Three Falls and My Fly Fishing Escape
The South African school year ends with the calendar year, which meant that when I arrived back in 1979, I stepped straight into the final term of Standard 5 at St. John's Prep. Somehow—probably through sheer momentum—I scraped through and was promoted into the College proper. Classes would start again in February 1980.
It was, to put it mildly, a cultural whiplash. St. John’s was all granite buildings and graver faces. A Victorian boot camp of a school that looked like it had been conjured out of a bad dream and an older boy’s Latin homework. There were stern masters, silent reading under trees, chapel, and, yes, the potential to be caned if you stepped too far out of line. The entire place had a chill to it that wasn’t about the Johannesburg winter.
It stood in stark contrast to the school life I’d known and loved in Mallorca. My friends were far away, and the freedom of my two-wheeled adventures was gone. In its place: silent hallways, a stiff uniform, and the deadening bureaucracy of institutional education. I did what I could to hang onto some thread of familiarity—though I couldn’t really recreate my old room in Mallorca until our shipment arrived. When it finally did, I set everything up exactly as it had been, down to the layout of my desk. When my Labrador, Honey, and little Candy finally emerged from their three-month quarantine, it helped. A bit.
But what really saved me—what truly became my lifeline in that cold grey place—was fly fishing.
I’d had my first taste of it on our final trip to South Africa before the move, and it had hooked me completely. That same weekend, Niels joined his friend Charles Fiddian-Green’s fly fishing syndicate, which gave us access to a remarkable piece of land in the Eastern Transvaal: Three Falls Estate.

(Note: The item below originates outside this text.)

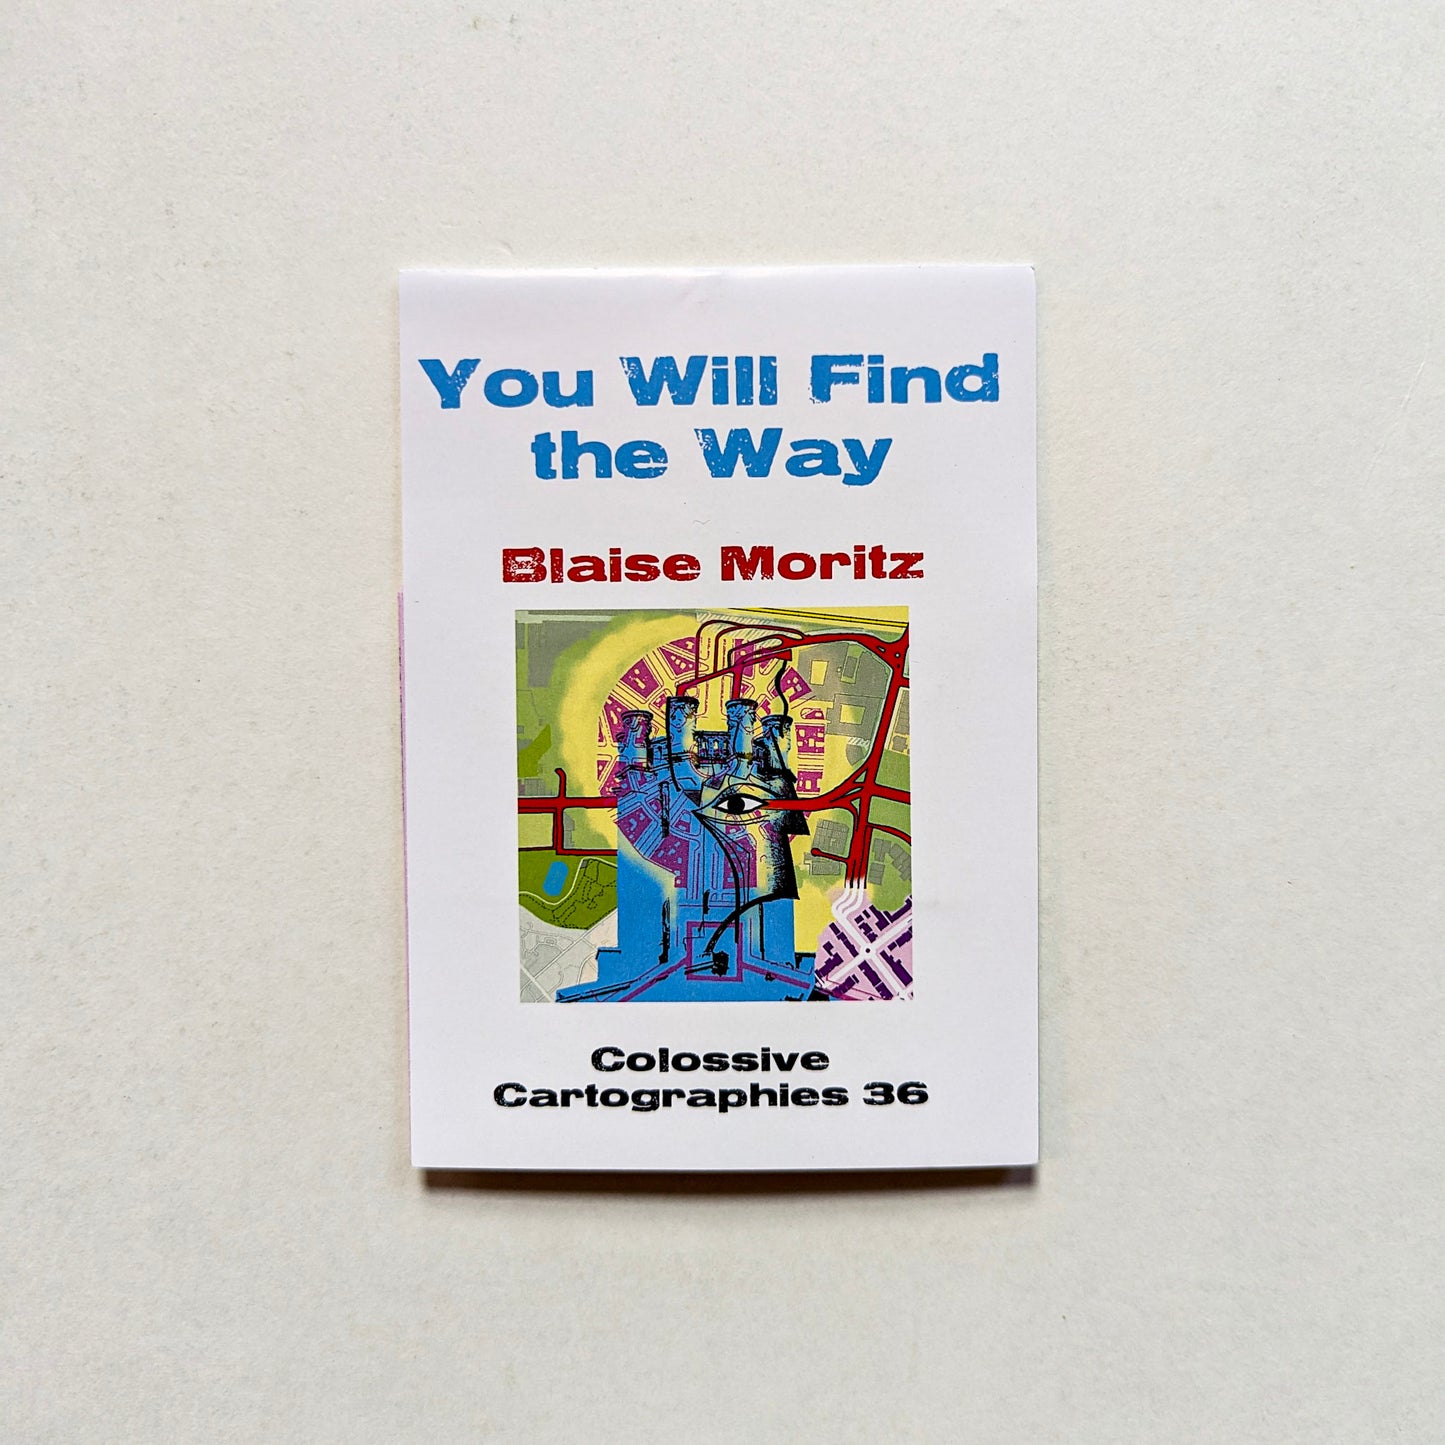 You Will Find the Way by Blaise Moritz (Colossive Cartographies 36)

That Christmas—1979—we packed up for our first proper holiday there and stayed in a rickety old Boer War cottage called Willow Cottage. No electricity. Everything was powered by gas. There were these lamps mounted on the walls with silk mantles you had to light just right—delicate little domes that flared once and then left behind a white skeleton of ash, which glowed gently every time you lit it. The whole place had an atmosphere I still struggle to describe. It felt like another world, or a forgotten corner of this one.
Three Falls was fed by a strong, perennial river that had been shaped into a series of named weirs—Willow Pond, Chaudry, Christmas Weir and many more—they were stocked by a farm manager who also ran the trout hatchery on-site. I didn’t know or care that the fish were stocked. It felt like pure wilderness to me.

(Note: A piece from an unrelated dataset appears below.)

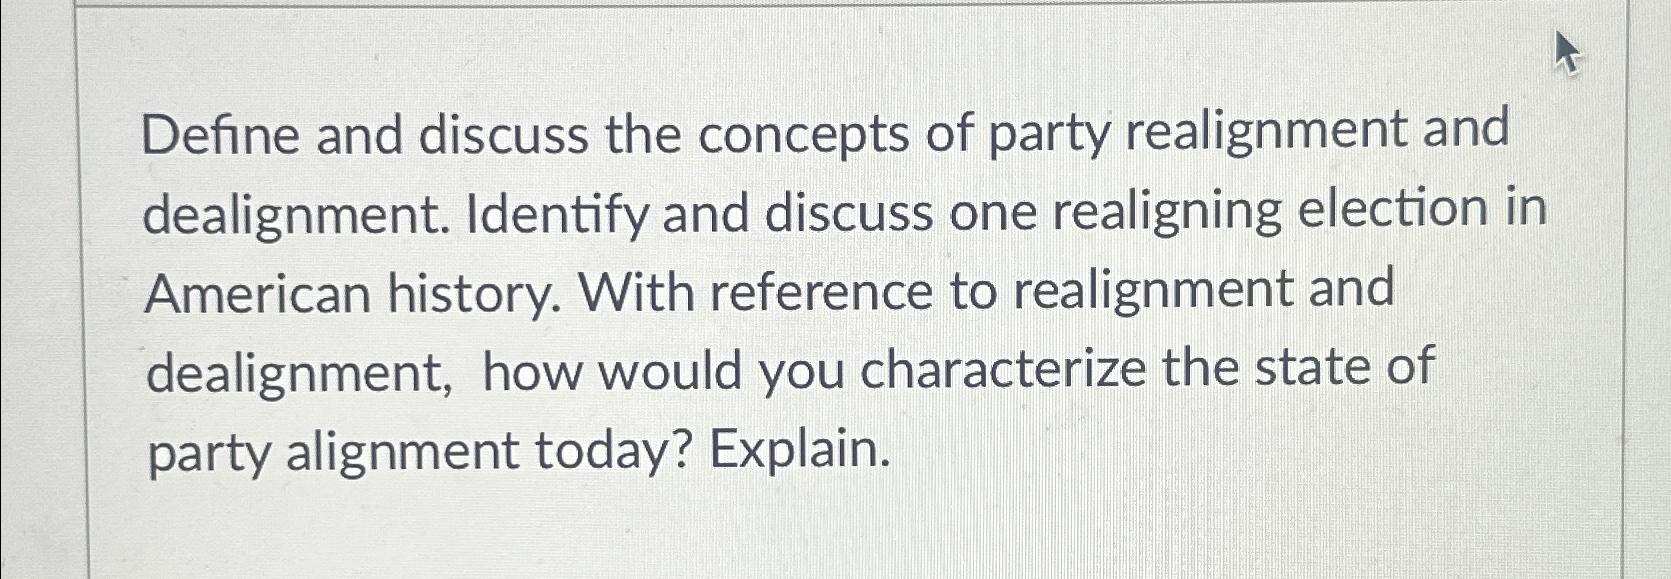 Define and discuss the concepts of party realignment and dealignment. Identify and discuss one realigning

I’d wake up at first light, fish until I was starving, return for breakfast, then go back out again. It was rhythm, meditation, escape—and it was mine.

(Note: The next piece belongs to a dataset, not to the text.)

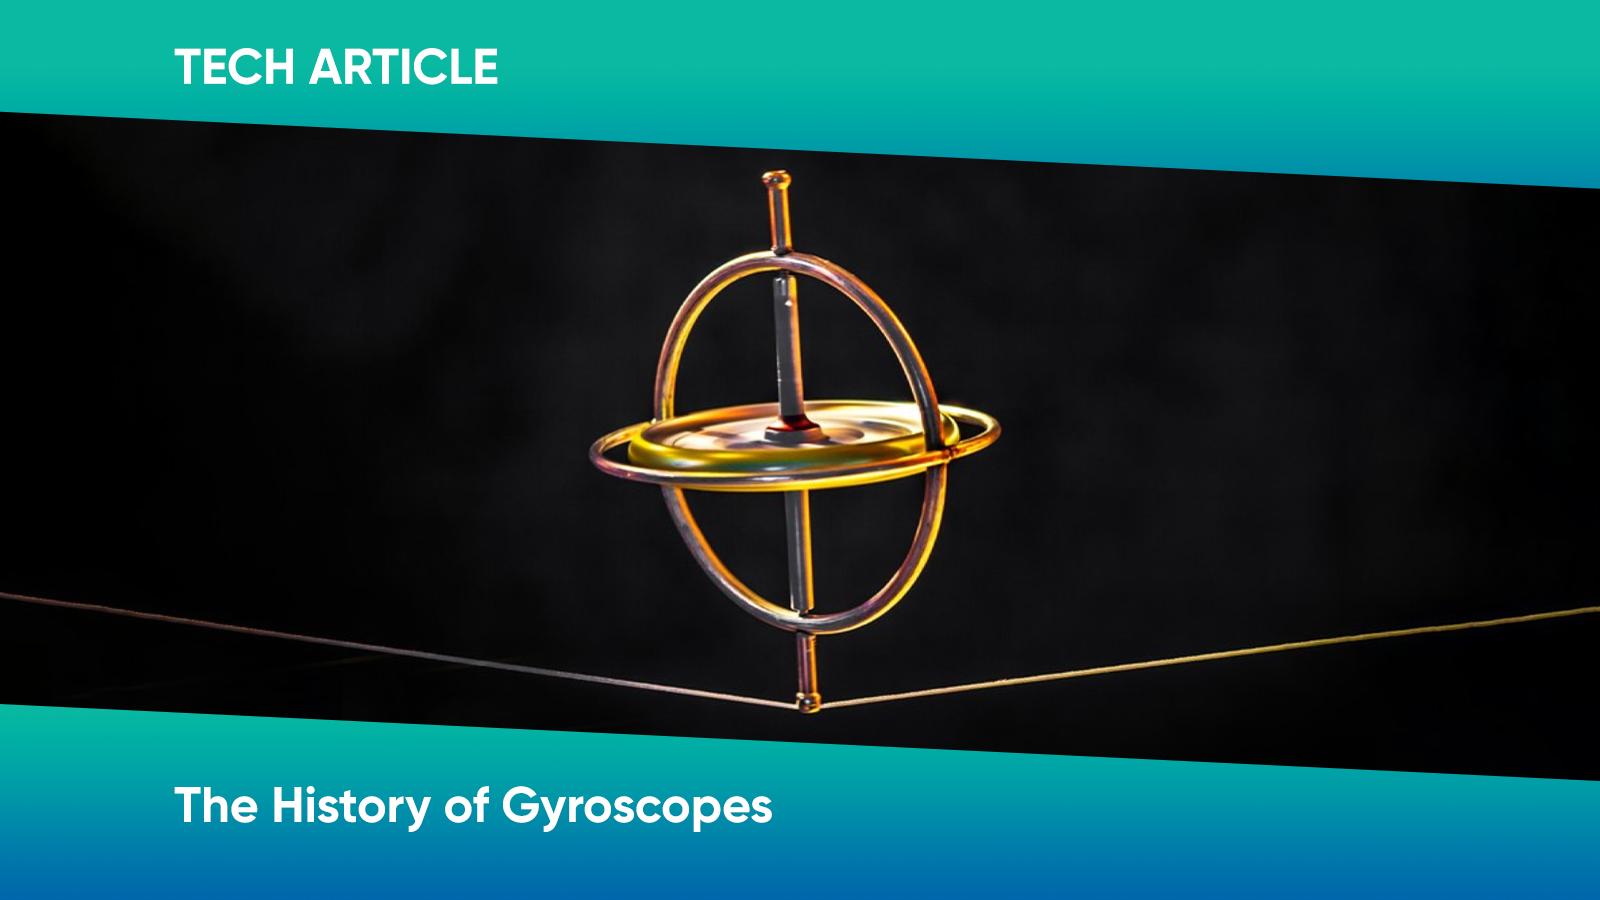 Tech Article | The History of Gyroscopes

I threw myself into fly tying. Niels had given me his old Veniard’s kit, but that Christmas, he and my mom got me something even better: a proper fly box from the Orvis catalog, filled with iconic patterns. One side for dry flies. The other for wets Zug Bug, Montana Bug, Prince and many more. I still have that box. I made it my mission to replicate every fly inside it, one by one, sometimes many times over.
They also gave me a two-volume tome called Trout by Ernst Schwiebert, which I read from cover to cover like scripture. I taught myself how to double haul—using our garden as my practice range—until I could lay out a full 35-yard fly line.
One day, down at Three Falls, Niels marched me up to Chaudry, where Charles was hosting guests, and said, “Wait ‘til you see what my brother can do.” I cast the full length of my line, clean and fast. They stood there blinking, not quite sure what they'd just seen. I think that was the first time I really surprised an adult.
It wasn’t just a hobby—it was medicine. School life at St. John’s was so grim that I lived for our fishing weekends. When one came up, I’d bunk Saturday school with my mom’s full blessing. Fly fishing was the only place where I wasn’t being measured, judged, corrected, or boxed in. It was mine. And for the next few years, it would remain one of the very few things that kept me sane.
No, I didn’t adjust easily to being back in South Africa. But I learned how to tie a killer Pheasant Tail Nymph, cast a perfect loop into the wind, and hold on to something that made me feel grounded—even when everything else felt like it was drifting.